Feature | Price | Free allotment per month | Effective date |
All Monitoring data except data ingested by using GKE workload metrics |
$0.2580/MiB1: first 150–100,000 MiB $0.1510/MiB: next 100,000–250,000 MiB $0.0610/MiB: >250,000 MiB |
All non-chargeable GCP metrics First 150 MiB per billing account for metrics charged by bytes ingested |
July 1, 2018 |
Monitoring API calls | $0.01/1,000 Read API calls (Write API calls are free) |
First 1 million Read API calls included per billing account | July 1, 2018 |
[Table 2: Excerpt of Cloud Monitoring cost summary (Source)]
Pricing Considerations
The pricing considerations apply when using GCP Cloud Trace and Cloud Monitoring with OpenTelemetry as when using OpenTelemetry with AWS X-Ray and CloudWatch for an AWS hosted application. These services are managed by the Cloud providers and help to improve application observability without the need to operate and maintain a stack of monitoring solutions, like Prometheus and Zipkin. This must be factored in when evaluating the use of GCP’s integration of OpenTelemetry versus a self-maintained solution or the solution from other commercial providers. Since OpenTelemetry is being supported by commercial APM providers like Dynatrace, AppDynamics and NewRelic as well, work to instrument applications with OpenTelemetry may likely be leveraged when later migrating to commercial providers.
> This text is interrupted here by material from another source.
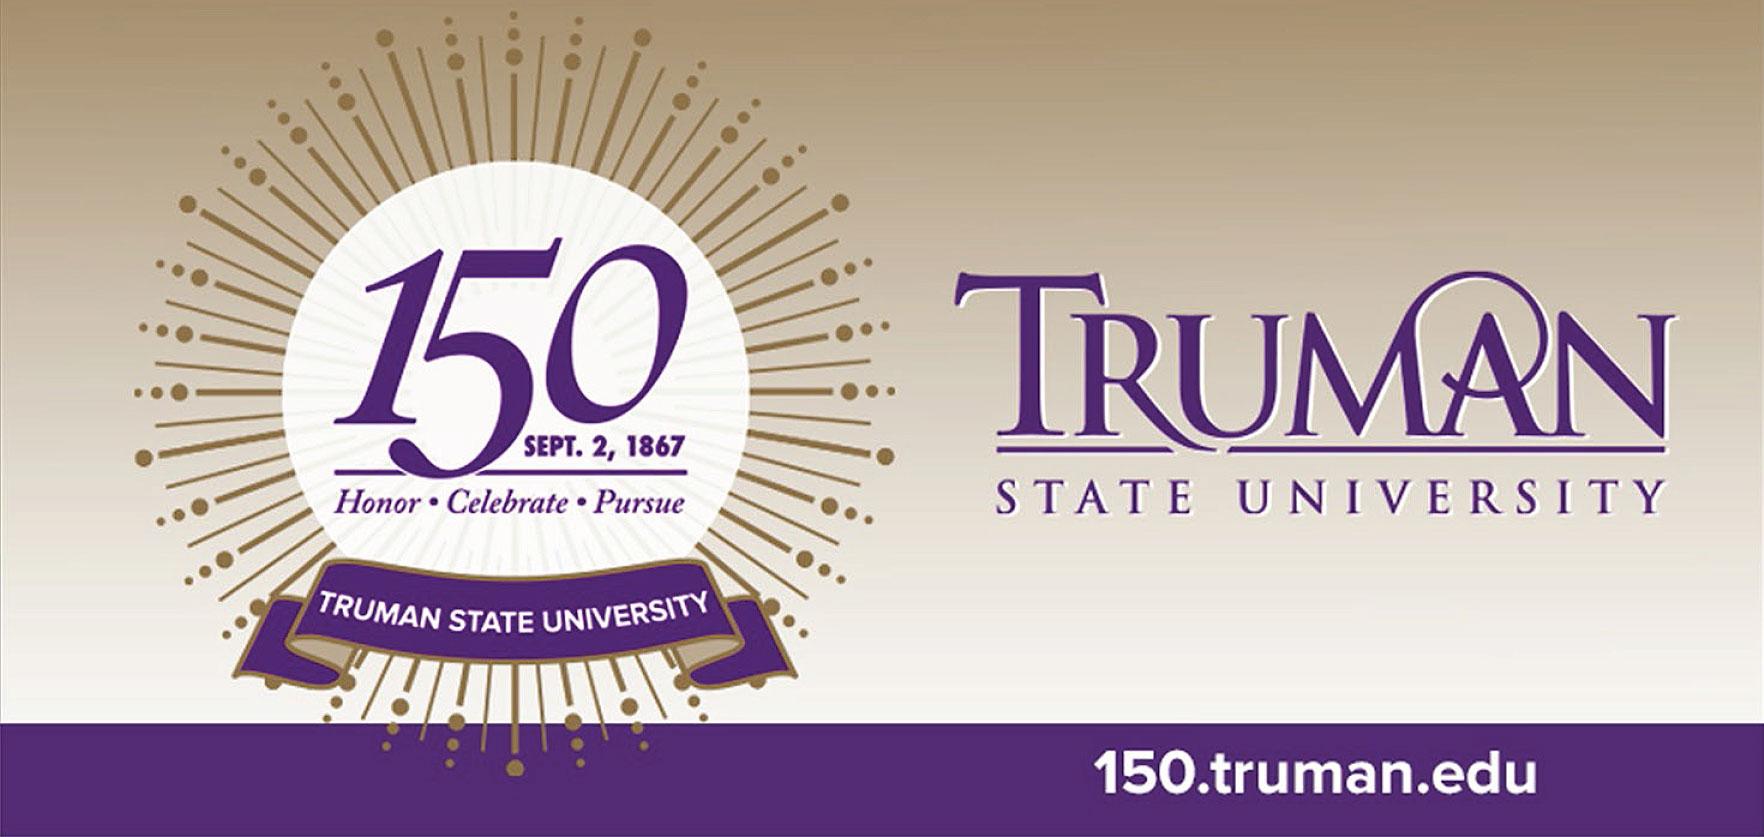 Truman State University Sesquicentennial

However, GCP’s OpenTelemetry integration for Java is less well integrated with the convenient OpenTelemetry auto-instrumentation agent than AWS’ ADOT, since support for the auto-instrumentation is in alpha state at the time of writing. Here, the recommended way to use OpenTelemetry with Cloud Trace is to adapt the application code to manually record traces and metrics, which requires development time before the potential of OpenTelemetry may be fully leveraged. The decision to use this integration should therefore ideally be made early in a project’s lifecycle, while more automated, commercial tools from other vendors may be better suited for later introduction of an APM or observability solution into a large application, despite their cost.
Conclusion
We’ve shown how GCP integrates OpenTelemetry into their managed tracing and metrics solutions, Cloud Trace and Cloud Monitoring Metrics. This integration offers a way to make an application observable by collecting traces and metrics using OpenTelemetry’s vendor neutral API, while using GCP’s integrated services for storage and inspection. Compared to AWS’ OpenTelemetry integration ADOT, GCP’s integration is less automated at the time of writing, but it nevertheless provides an alternative to using commercial observability and APM solutions. Using OpenTelemetry’s vendor neutral API to collect traces and metrics is also a good starting point to integrate with other commercial observability tools in GCP.